A doença de Chagas ocorre endemicamente na América – 
do norte do México até a Argentina, e ao sul do Chile. De 
2000 a 2010, 138 surtos foram registrados, envolvendo mais 
de mil casos agudos, principalmente na Amazônia Brasileira, 
estando 71% deles associados à ingestão de bebidas e 
alimentos contaminados e 7% à transmissão vetorial. 
Dados recentes demonstram que a doença de Chagas se 
tornou problema de saúde pública em 19 países endêmicos, 
nas regiões rurais e nas grandes cidades, devido aos grandes 
movimentos migratórios, atingindo também países antes 
não endêmicos da Europa (Espanha, França, Itália, 
Inglaterra), Ásia (Japão), Austrália e América do Norte (EUA, 
Canadá), nos quais milhares de migrantes passaram a 
configurar fonte de infecção para transmissão por sangue e 
hemoderivados, transplante de órgãos e transmissão 
vertical, além da ocorrência da reativação em pacientes 
imunodeprimidos com a forma crônica da doença. 
AGENTE ETIOLÓGICO 
O T. cruzi é um protozoário hemoflagelado que parasita 
indivíduos ou animais infectados, na forma de 
tripomastigota, no sangue periférico e na forma de 
amastigota, nos tecidos. Utiliza a hematina obtida da 
hemoglobina sanguínea para respiração aeróbia. É 
transmitido por insetos (barbeiro) hematófilos do gênero 
Triatoma (vetores) para um hospedeiro vertebrado. 
O triatomíneo (barbeiro) injeta o parasito quando se 
alimenta do sangue do vertebrado. O protozoário se 
mantém no intestino do inseto do sexto ao 15 o dias 
seguintes, sob a forma de epimastigotas, que se multiplicam 
e migram para o intestino grosso ou reto, onde evoluem para 
a forma de tripomastigotas metacíclicos. Essas formas são 
eliminadas pelas fezes do inseto, enquanto ele se alimenta 
de sangue na pele do hospedeiro vertebrado, e penetram na 
pele com erosão ou com mucosas intactas. 
TRANSMISSÃO 
Vetorial Os vetores mais importantes são os triatomíneos 
dos gêneros Triatoma, contaminação após a picada, com 
deposição das formas infectantes após o repasto sanguíneo 
e inoculação destas após o ato de coçar a pele lesada no local 
da picada. Considerada a via mais comum de transmissão no 
país – antes do controle de T. infestans no estado de São 
Paulo, desde a década de 1970, e nacionalmente, desde 
junho de 2006. 
Oral Mecanismo de manutenção do ciclo do parasito na 
natureza, onde ocorre a ingestão de vetores e reservatórios 
infectados. Tem sido registrada na Amazônia, sob a forma de 
surtos epidêmicos desencadeados pelo consumo de 
alimentos acidentalmente contaminados (caldo de cana, 
açaí, bacaba, sucos) 
Transfusão de sangue e hemoderivados Uma das mais 
importantes vias de transmissão após o controle vetorial da 
doença no Brasil. A transmissão por via transfusional ocorre 
na ausência de triagem sorológica adequada dos doadores, 
preconizando-se atualmente no país apenas uma técnica de 
alto desempenho para triagem em bancos de sangue. 

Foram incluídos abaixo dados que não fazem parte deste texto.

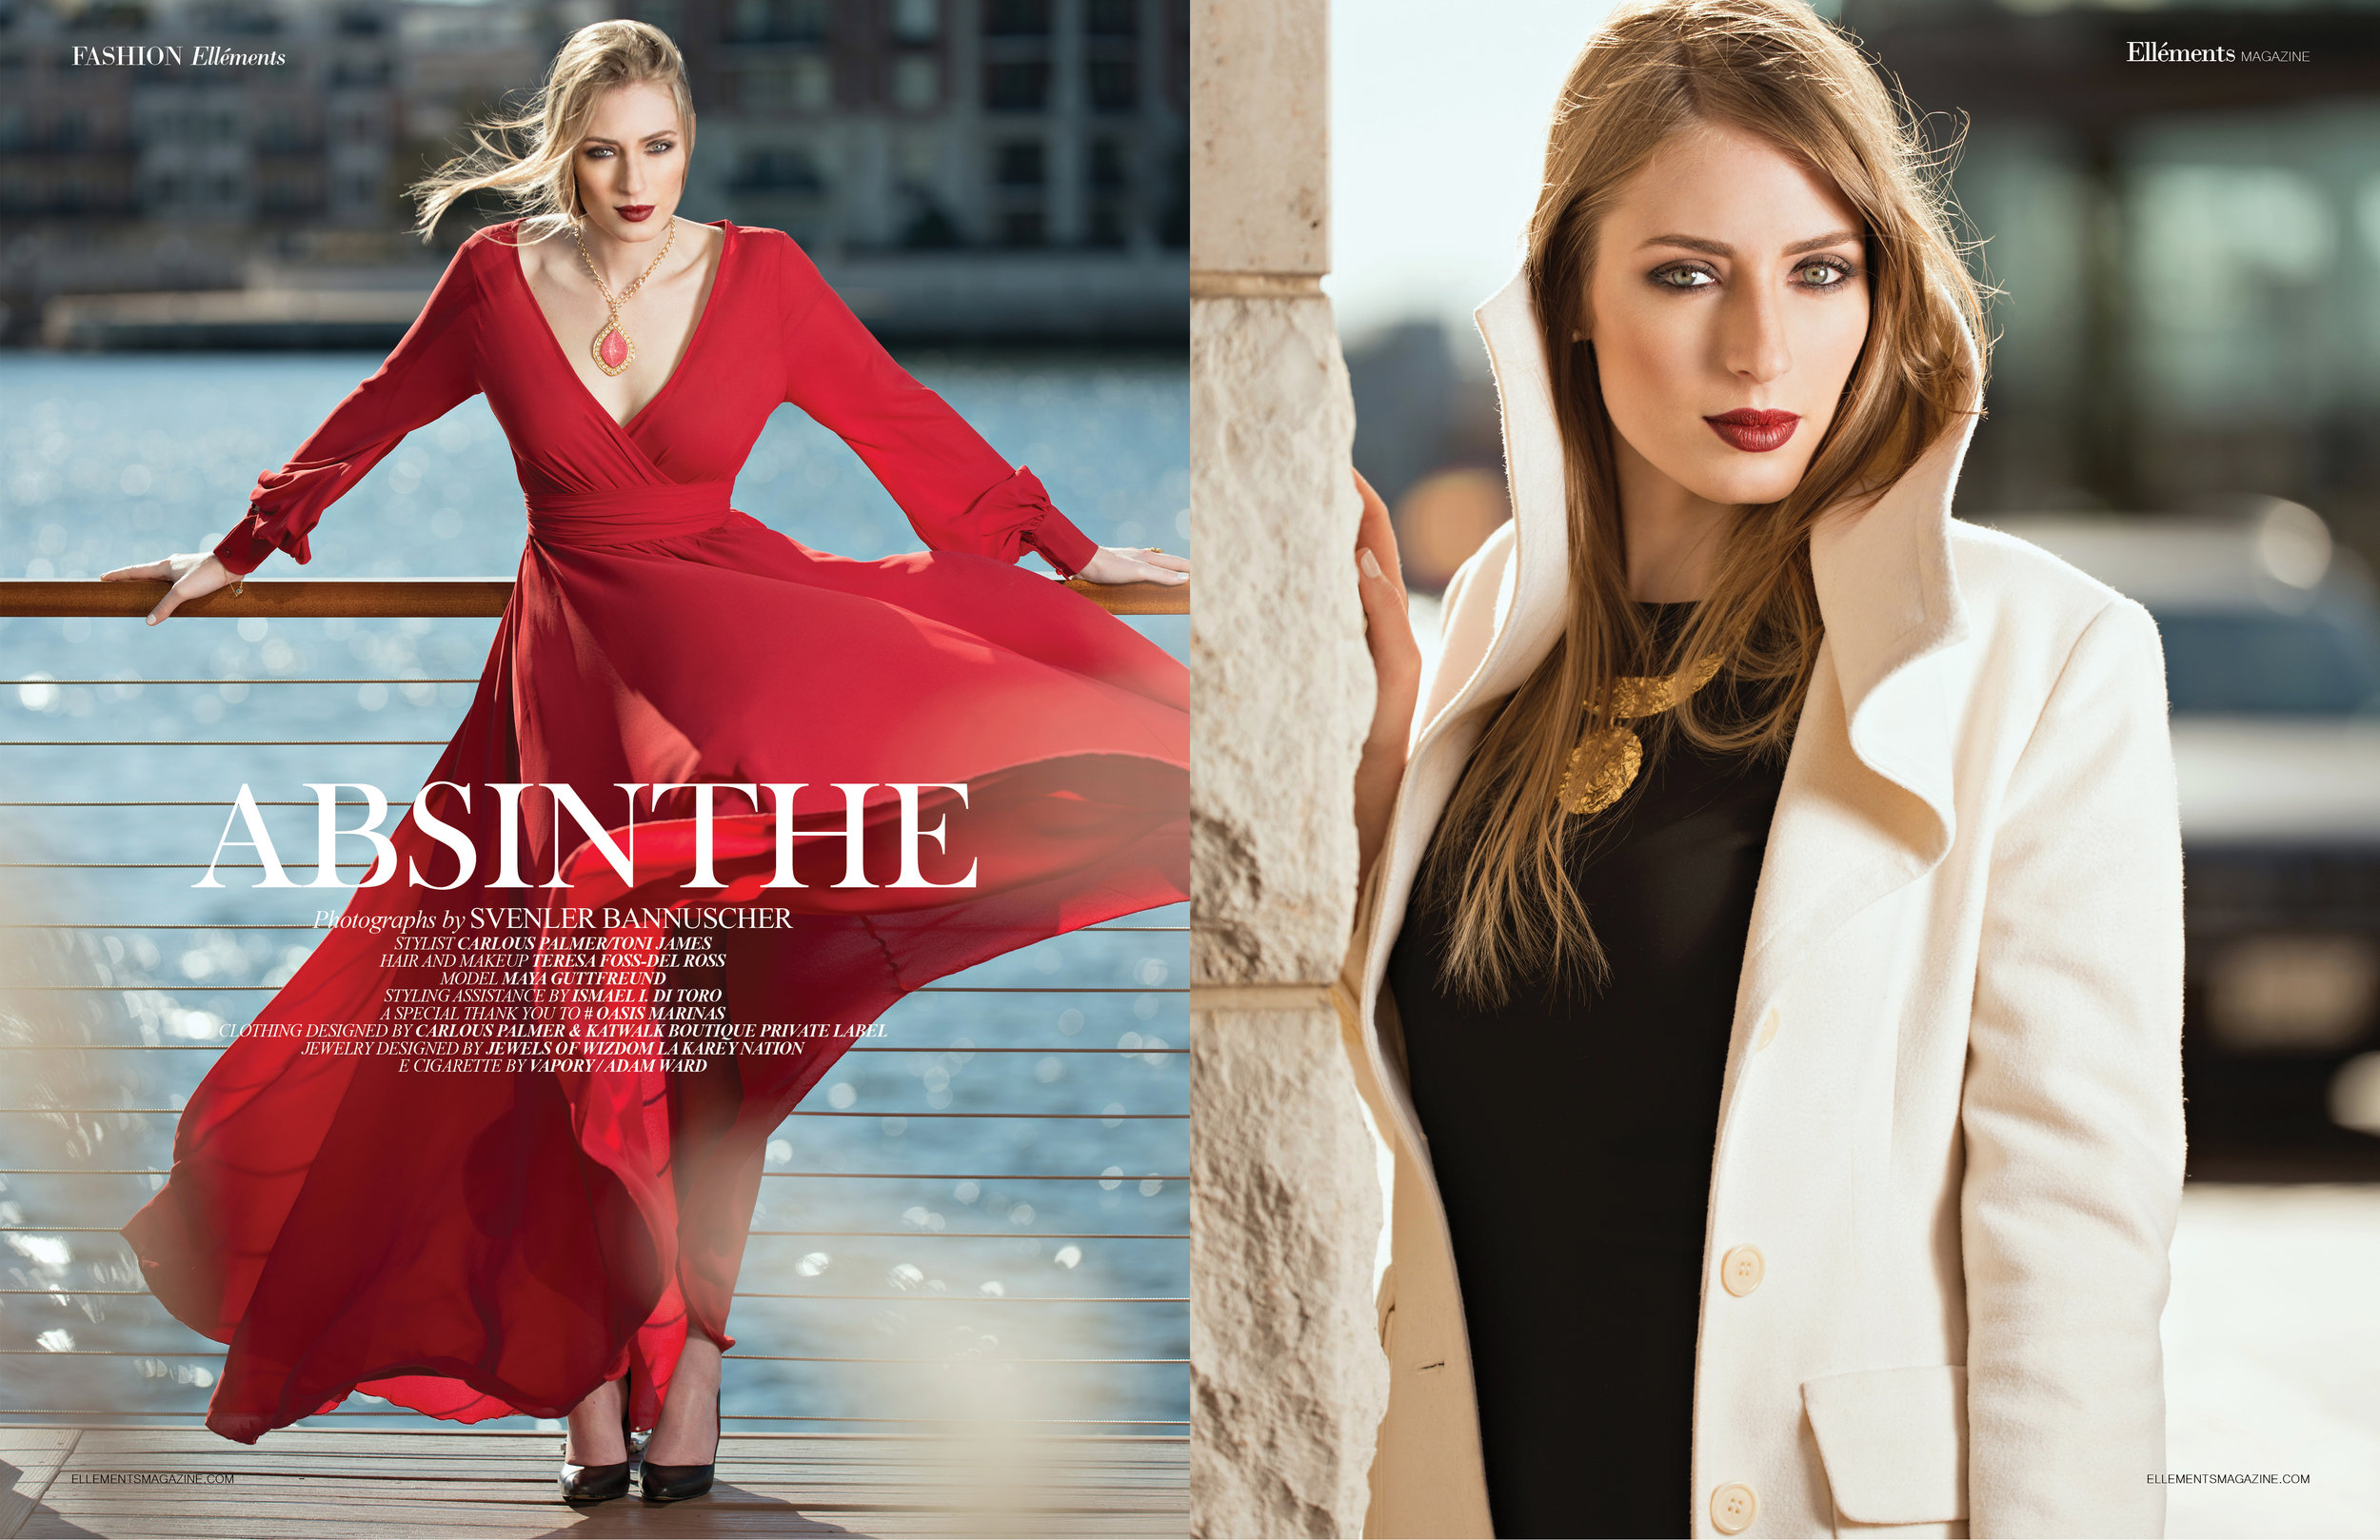 Fashion Editorial for Ellements Magazine by Sven Bannuscher

Vertical Ocorre principalmente por via transplacentária, em 
qualquer fase da doença: aguda, indeterminada ou crônica. 
Transplante de órgãos Relevante quando não se realiza 
triagem adequada dos doadores, por meio de pelo menos 
duas provas sorológicas de altas sensibilidade e 
especificidade. Deve-se ressaltar que, sendo o receptor 
imunodeprimido, a doença aguda primária, caso ocorra, 
pode ter apresentação grave e disseminada. 
Acidentes perfurocortantes Transmissão por picada com 
agulha contaminada com sangue de paciente com elevada 
parasitemia ou acidentes laboratoriais foram registrados por 
inoculação em pele sã ou contato de mucosas com formas 
infectantes do parasito. 
FISIOPATOLOGIA 
O protozoário é fagocitado por macrófagos e se multiplica 
sob a forma de amastigotas no interior da célula até a sua 
ruptura, com liberação das formas íntegras ou degeneradas 
de epi, tripo e amastigotas, que se disseminam para o 
sangue e os tecidos, parasitando quaisquer células do 
organismo, exceto as hemácias. 
FORMA AGUDA 
Ocorre disseminação a partir do local da entrada para os 
gânglios linfáticos regionais, disseminando via vasos 
linfáticos e sanguíneos para todos os órgãos do organismo. 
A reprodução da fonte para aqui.